Optionally, in order to ensure that the data processing operations are orderly and completely processed, when the distribution module distributes each data processing operation, the distribution module may determine an upstream-downstream relationship between a plurality of pipelines corresponding to the data processing operation and an upstream-downstream relationship between a plurality of task components in each pipeline according to directed acyclic graph information of the data processing operation; and after the upstream task component finishes data processing, automatically triggering the downstream task component to enter the running state.
Specifically, for each pipeline, only when all task components in an upstream pipeline of the pipeline finish data processing, task queue distribution is started to the task components in the pipeline; for each task component, task queue distribution to the task component is resumed only when the task component upstream of the task component completes data processing.
The execution module 53 is configured to determine, for each task queue, a priority order of each task component in the task queue, determine a target concurrency number of task execution nodes corresponding to the task queue, and send, by the task execution nodes, the plurality of task components in the task queue to the database service cluster in parallel according to the priority order and the target concurrency number for data processing.

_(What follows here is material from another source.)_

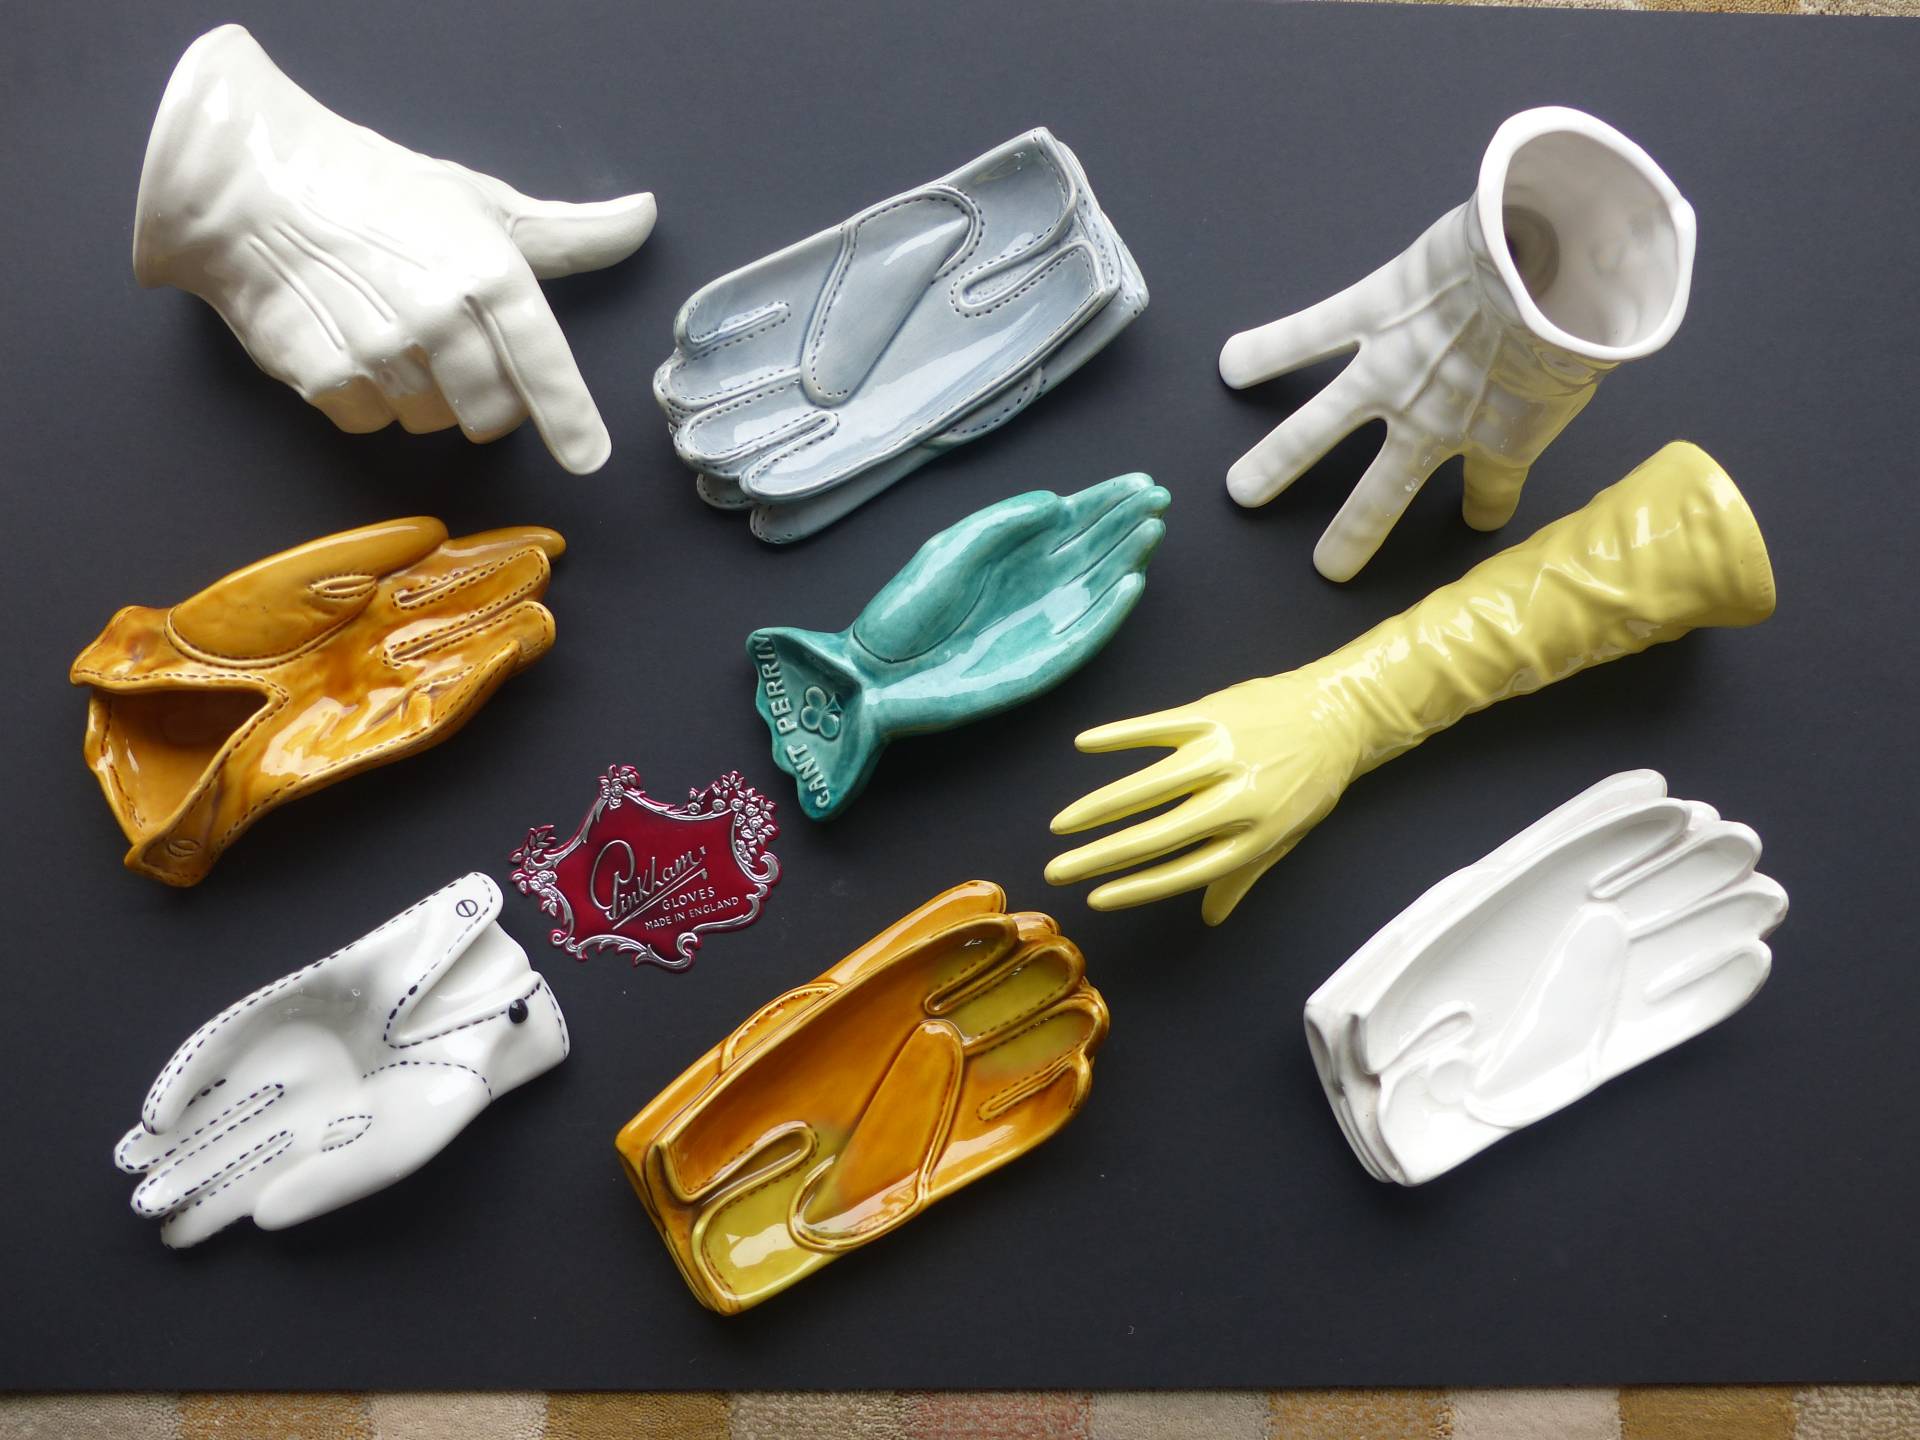 Lots of china gloves

In general, in the pipeline creation process, priorities may be preset for task components therein, and the priority may be set by adopting a mode of adding a priority level and a priority number identifier together as priority information, where the priority level may include: high, medium, low, the greater the priority number identification, the higher the priority when the priority levels are the same. For example, the priority information of the 3 task components is high-01, high-99, and low-99, respectively, and the priority order of the 3 task components is high-99, high-01, and low-99 in order.
In consideration of that some task components with lower priority may be in a queuing state for a long time and not consumed, the embodiment of the application also introduces a mechanism for automatically adjusting the priority of the task components based on the waiting time of the task components, wherein the priority digital identification of each task component automatically becomes larger along with the increase of the waiting time of the task components, but the priority level of each task component remains unchanged.
Optionally, the execution module may obtain priority information of each task component in the task queue when determining the priority order of each task component in the task queue; and determining the priority order of each task component in the task queue according to the priority information.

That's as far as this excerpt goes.